The Beauty and Re-birth of Podcasts

While I was enveloped in all things writing (and arguing about writing) during my undergrad, I found myself loving radio. Though having a radio show is different from a podcast, there was a sense of comfort in sitting in the small studio, my laptop promptly put onto the table, and random guests across from me, chatting the hours away in between the music. Though those days are gone, at least for a few years now, there is such a sense of joy and intrigue in focusing solely on someone’s voice. They become a character or the content presented becomes something you follow. I had never felt that way about podcasts, mainly because my first encounter with them online was hardly anything I am willing to admit (think trashy, mind-numbing gossip podcasts or, yes, I’ll admit it, Twilight podcasts). To a point, I stopped bothering beyond educational podcasts/lectures and NPR. However, I was introduced to a new podcast, one that I obsessively listened to in a short period of time, despite it being a 12-episode series. The podcast was Serial, a spin off to This American Life. Unlike the usual series (and soon after I began to listening to This American Life), each episode hosted by Sarah Koenig provides the next chapter of the story of a real-life case involving a murder of a young girl (Hae) and her ex-boyfriend (Adnan), who has been pleading his innocence since 1999 when the murder occurred, when the two were in high school. Koenig, who spent about a year on the case, picked apart every bit in an attempt to paint a picture of the two sides of the story; one side showing the doubt in the convicted killer’s guilt and the other pointing in his direction. There’s one major problem. Adnan isn’t entirely sure when he was when Hae died. The beginning is intriguing because Koenig asks her nephew (Sam) a simple question on where he was on a particular day. The result was several answers, then assurance he knew where he was. After speaking with Sam’s friends, there were different answers, making the point that was apparent in Adnan’s case, that asking a teenage where they were several weeks after a murder may result in not knowing.

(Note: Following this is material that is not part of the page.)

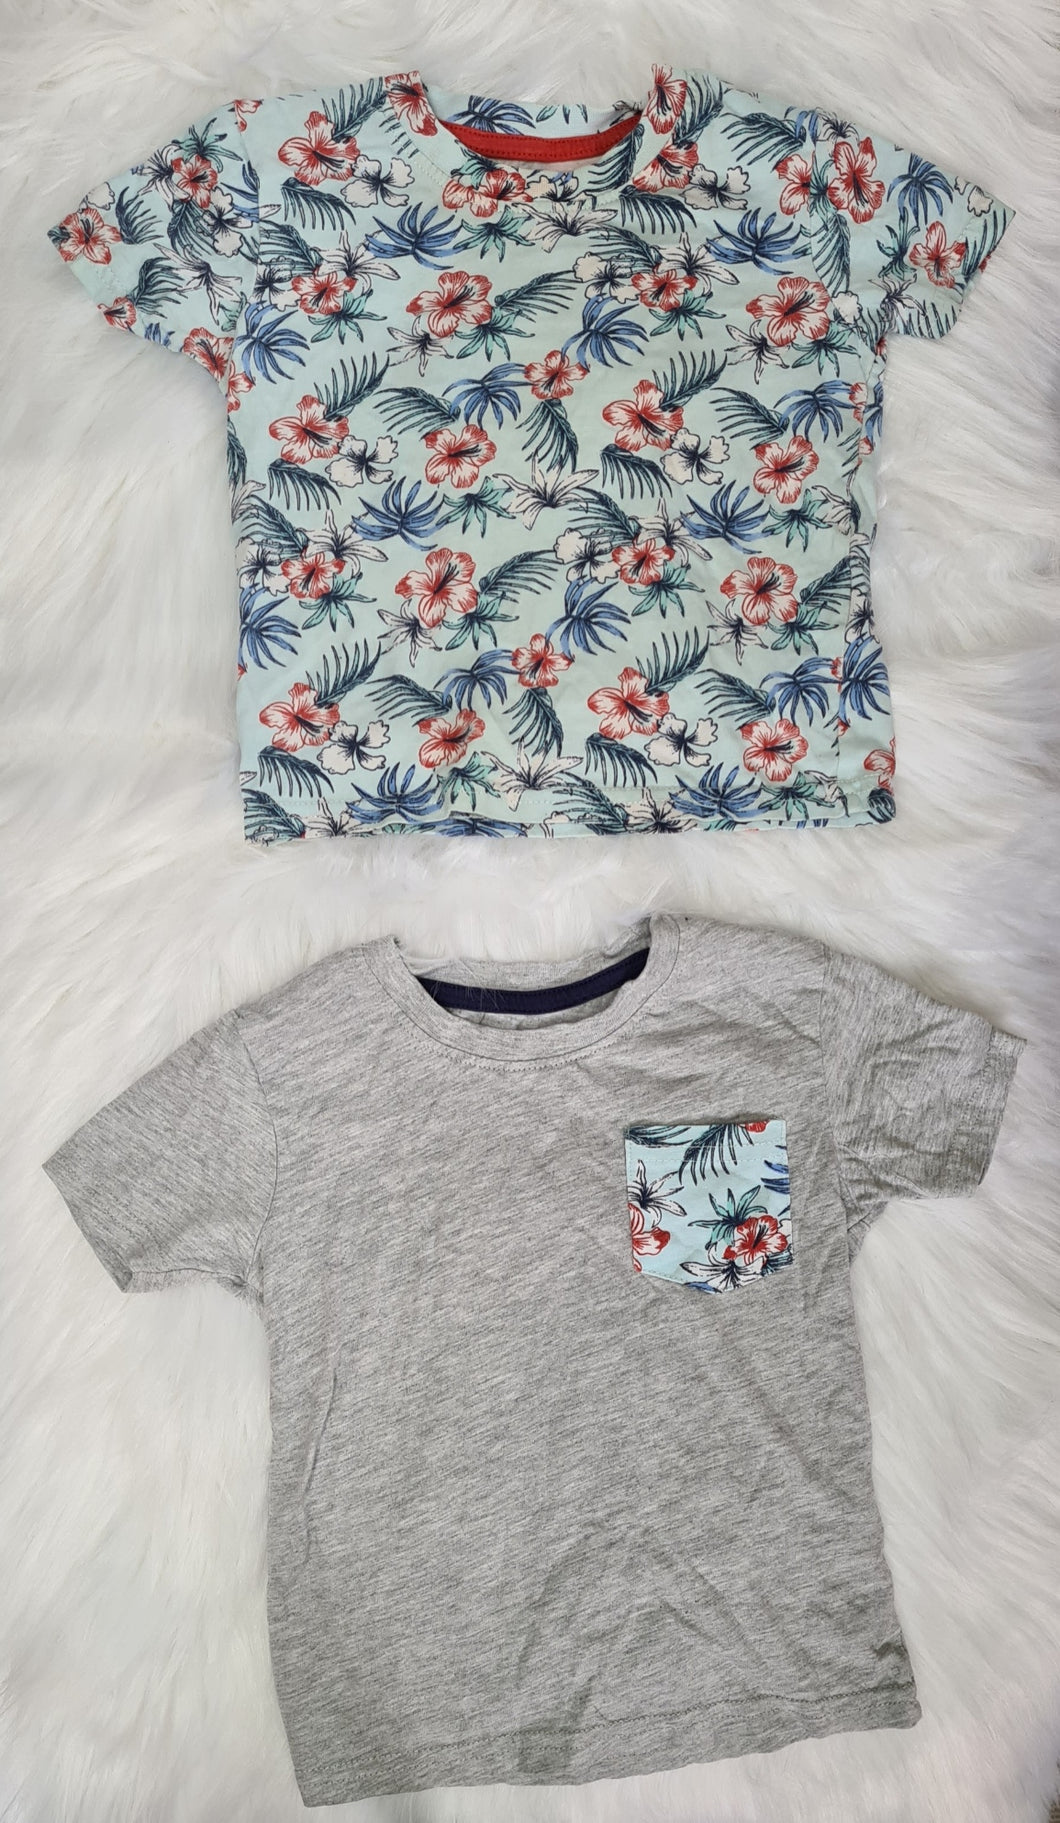 Boys 9-12 Months - Primark - Grey and Flower Tops

So I will ask this question to any reader (feel free to answer). Without using any social media websites or your phone (think, it’s ‘1999’ in this article…which also means I’m a teenager writing this, lol), where were you 16 days ago at 4:57 or, for that matter, 6 weeks ago on a Tuesday at 6:52? How good can one’s memory be when you are simply doing nothing? This point is made in the beginning of the first episode as it sifts through every possible witness, the validity of the witnesses and evidence, how this young girl was killed, the suspects, and soon the conviction of a young man who is in the series as well.

If, for any reason, you are not into the whole ‘who did it’ crime podcast, This American Life has so much to offer. After listening to four or five podcasts today (yeah, you read that right), there are two I am recommending and posting below along with the serial podcast. I dare you to go beyond watching TV, beyond giving a status update or paying Trivia Crack (or whatever game is popular right now) and step into the realm of podcast listening.

 

Episode: It’s Never Over

Content: Several stories in this hour podcast containing the memories of the bullied, Life Without Leann and the story of a woman who buys a house that comes with a guest and rift through the years when he remains alive.

 

Episode: Secret Identity

Content: Paul Bunyan, a tiger mascot and persons struggling with a rare Delusional Disorder.